Router(config-if)#ip address 192.168.2.1 255.255.255.0
Router(config-if)#ip nat inside
Router(config-if)#exit
Router(config)#interface Ethernet0/0
Router(config-if)#ip address 172.16.1.5 255.255.255.252
Router(config-if)#ip nat outside
Router(config-if)#exit
Router(config)#end
Router#

Discussion

In this example, the router will rewrite that address of all of the internal devices whose IP addresses are in the range 192.168.0.0/16. When these internal devices connect to devices on the outside of the network, they will all appear to have the same source address as the external interface of the router, 172.16.1.5.

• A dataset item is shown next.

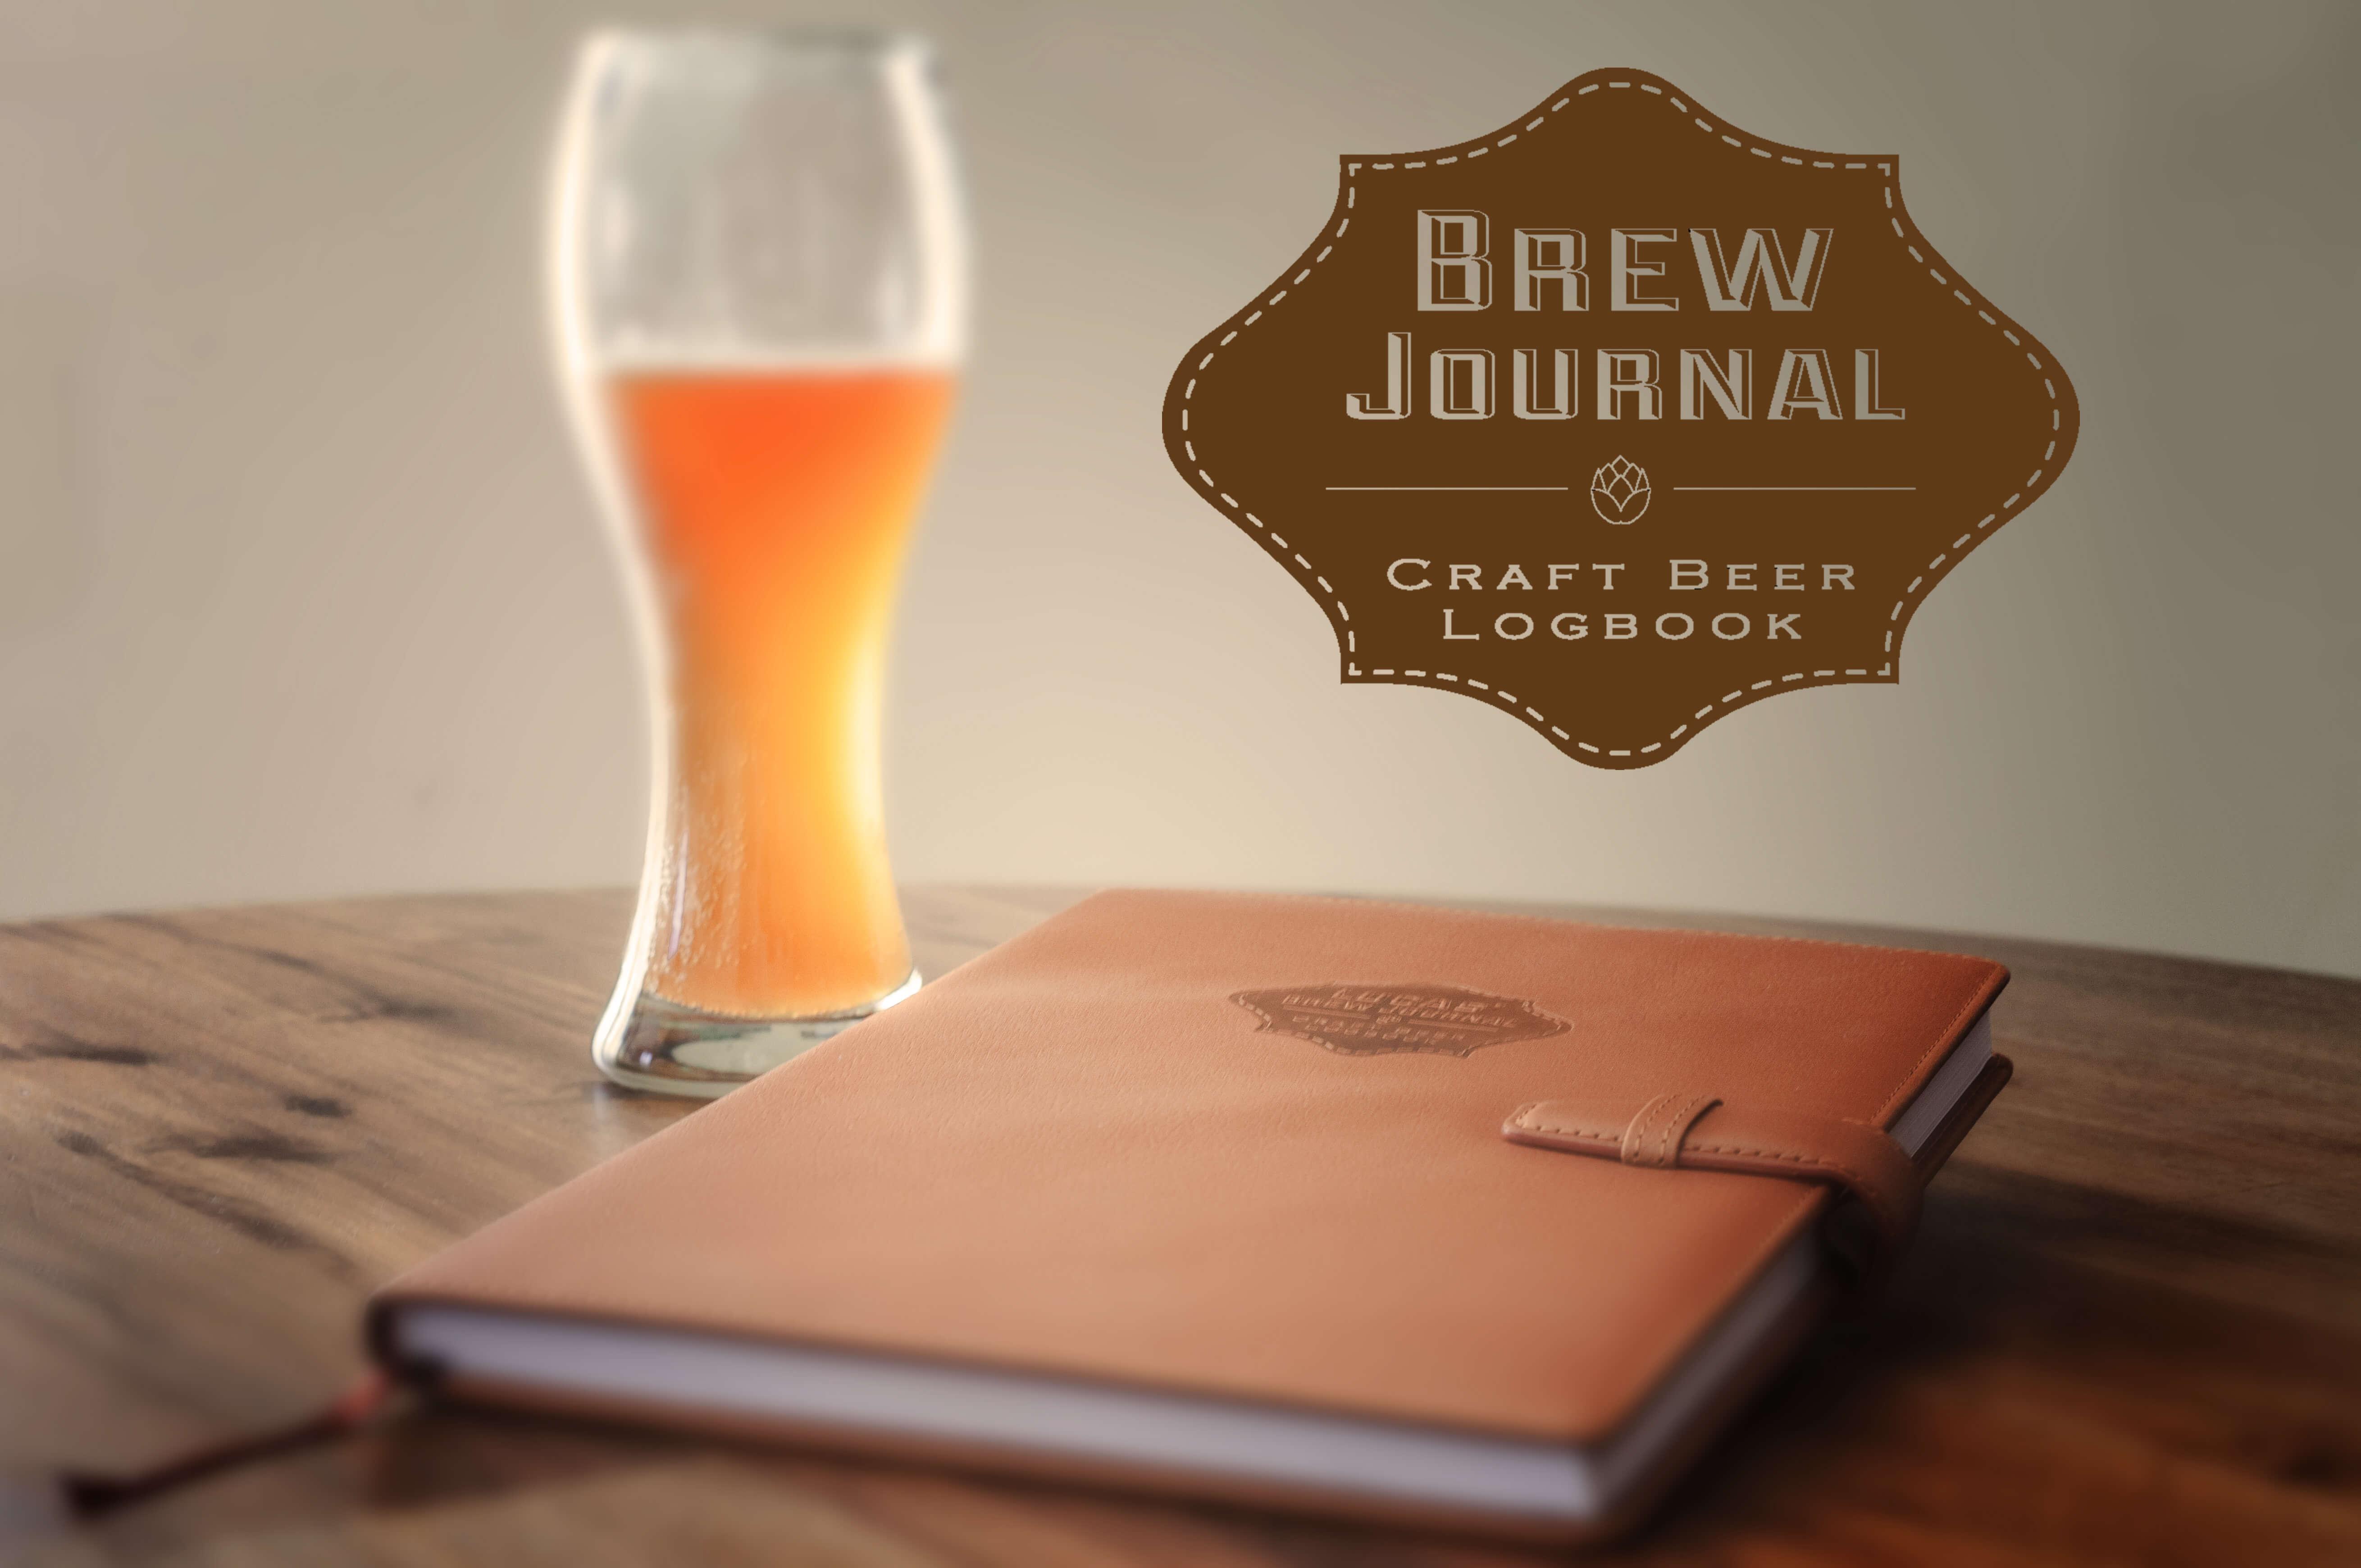 Brew journal craft beer recipes journal for Take craft beer back

This example actually includes two internal interfaces and one external. You designate the internal interfaces with the ip nat inside command. You can have as many inside interfaces as you like:

Router(config)#interface FastEthernet0/1
Router(config-if)#ip nat inside

You also need to designate at least one outside interface using the command ip nat outside. There can be several outside interfaces, but this can be very difficult to control, so it is usually not recommended:

Router(config-if)#interface Ethernet0/0
Router(config-if)#ip nat outside

You configure the actual translation action with the line:

Router(config)#ip nat inside source list 15 interface FastEthernet0/0 overload

This tells the router to translate the source addresses of any internal devices that match access-list number 15. The router will translate the source addresses of all of these devices to the address that is configured on the interface FastEthernet0/0, which is the outside interface.

The overload keyword is actually assumed here, so if you leave it off, the router will automatically put it in. This option tells the router that many internal devices can use the same global address simultaneously. Since the router itself uses this address, if even a single internal address translates to this address, it is already overloaded. We will explain this option in more detail in Recipe 21.2.

To help explain what the access-list on this command does, we will change it so that it includes every address in the range except one:

Router(config)#access-list 15 deny 192.168.1.101
Router(config)#access-list 15 permit 192.168.0.0 0.0.255.255

Now if you make a connection from the excluded address, 192.168.1.101, the only difference is that the router will not rewrite this internal address. Instead, this address will appear unchanged on the outside.

NAT can be quite confusing because people usually think that there is some firewall function associated with it. There is not. If you exclude one device from your NAT access-list, as we just discussed, anybody on the outside of the network will be able to connect to this internal device by its real address. But there is nothing to prevent an inbound packet from reaching a particular internal device if the person on the outside knows the real internal address and can route to it. Further, NAT by itself doesn't do any firewall functions, such as UDP or TCP port filtering.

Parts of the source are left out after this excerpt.